As markets face elevated volatility and policy uncertainty, some investors may be tempted to retreat into cash. After all, deposit rates in Western economies remain higher than during much of the 2010s, and concerns about trade tensions and inflation are keeping market sentiment cautious. But history and data suggest that cash is rarely the optimal choice for multi-asset investors—even during periods of uncertainty.

Economic Expansion: Equities Still Compelling

Over the next 12 to 18 months, a slowing—but still expanding—global economy appears likely. While tariffs may moderate consumer demand, resilient household and corporate balance sheets should keep activity and labor markets fairly strong. In this environment, Western central banks could gradually ease policy rates, yet rates would remain above the historically low levels of the past decade. Cash may seem appealing, but equities are likely to offer better returns.

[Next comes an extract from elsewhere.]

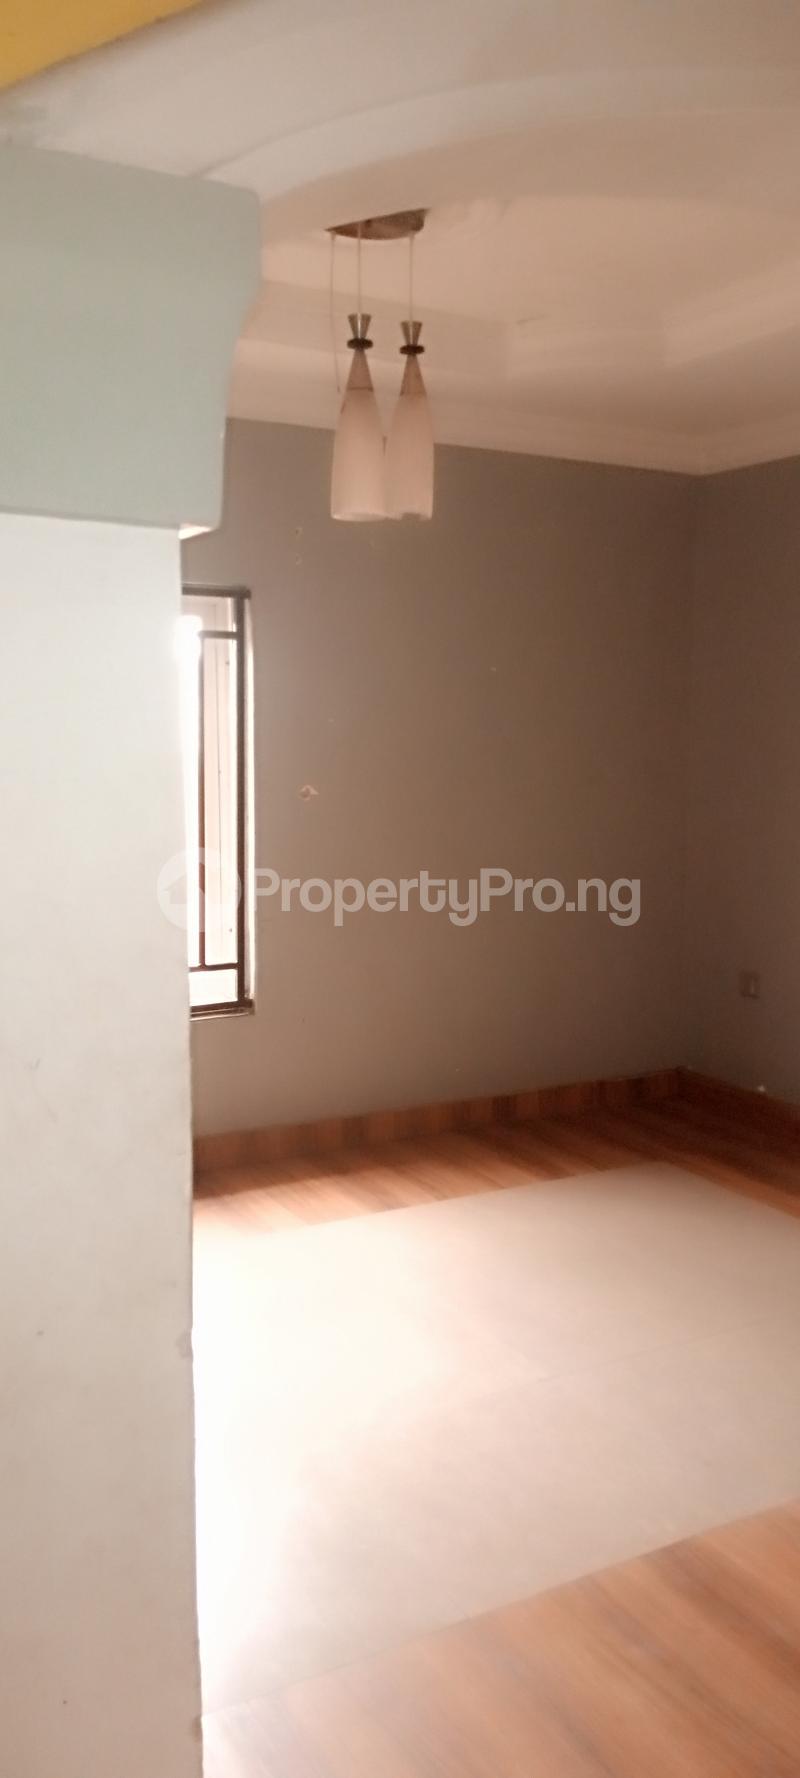 5 bedroom House for rent Estate drive Omole phase 2 Ojodu Lagos - 16
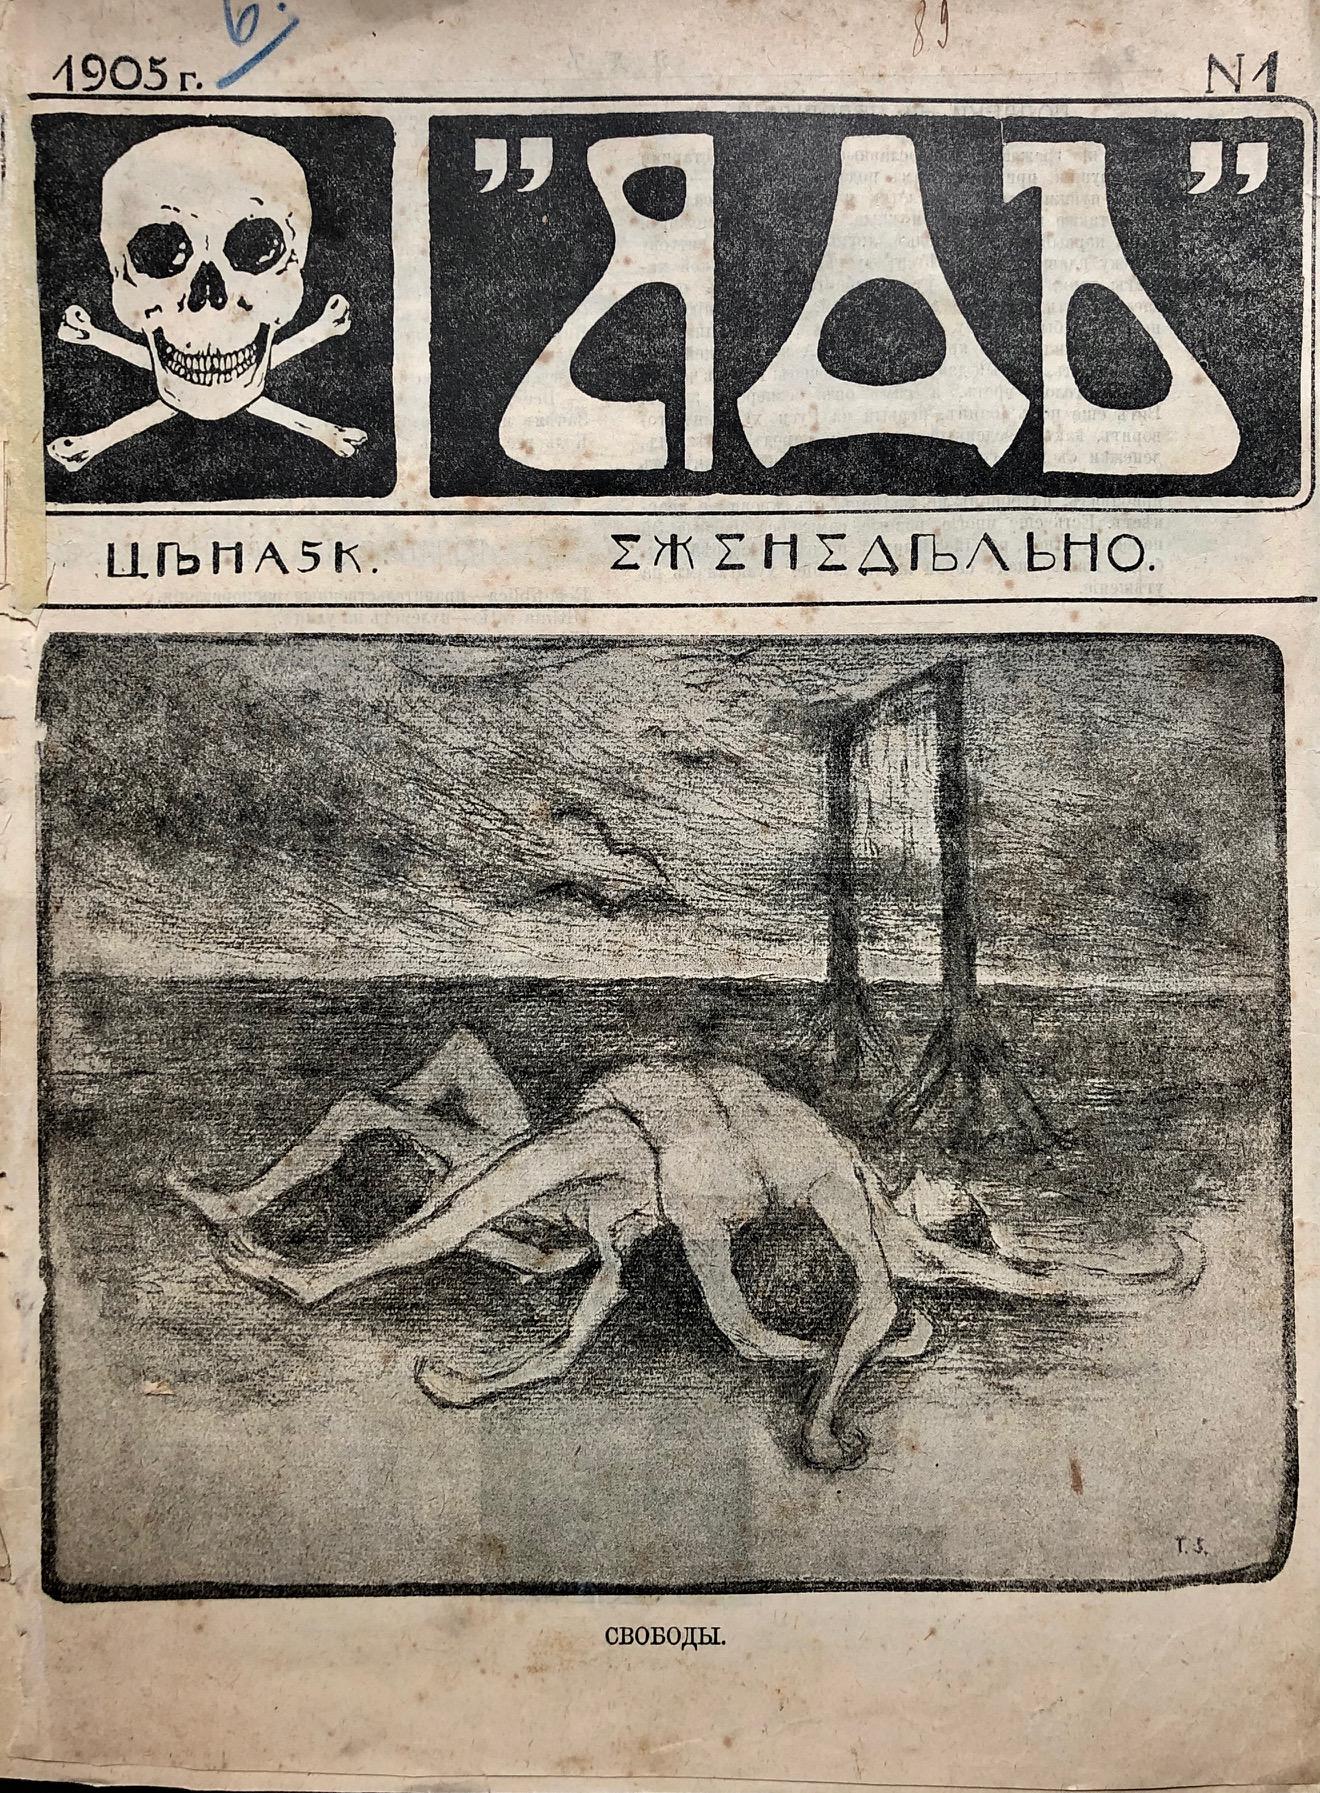 Lot 515 - Le poison. Яд. Еженедельно. 1905 г. Редактор-издатель [...]

Even if equity price gains are modest due to stretched valuations, total returns—including dividends and buybacks—should exceed what cash offers today. European stocks, in particular, provide attractive income streams that support multi-asset portfolios.

Downturns: Bonds Outshine Cash

In a scenario where economic news triggers a market drawdown, cash might temporarily outperform equities. Yet core bonds are likely a more effective hedge. As central banks cut rates in response to slower growth, the yield on cash deposits would fall, while existing bond prices would rise, offering meaningful returns. For example, a 200-basis-point decline in the US 10-year Treasury yield could produce a 20% total return over a year—far surpassing what cash can deliver.

Stagflation: Alternatives Take the Lead

If inflation proves stickier than expected, as in 2022, traditional bonds and equities could struggle. Cash may seem safe, but alternatives—such as real assets (infrastructure, timber), commodities, or hedge fund strategies—can provide superior performance. In fact, global macro hedge funds returned nearly 10% during 2022, significantly outperforming cash in a high-inflation environment.

The Takeaway: Diversification Over Cash

While cash may feel secure in the face of uncertainty, multi-asset portfolios consistently outperform it over time. Historical data since 1990 show that a 60/40 portfolio of equities and government bonds beat cash more than 70% of the time over a one-year horizon—and always over three years. Average excess returns are meaningful: roughly 7 percentage points over one year, and more than 20 points over three years.

For investors navigating the uncertain landscape of 2025, diversification remains the most reliable strategy. A balanced mix of global equities, fixed income, and inflation-protecting assets—across both public and private markets—offers a better chance of growth and risk mitigation than retreating to cash.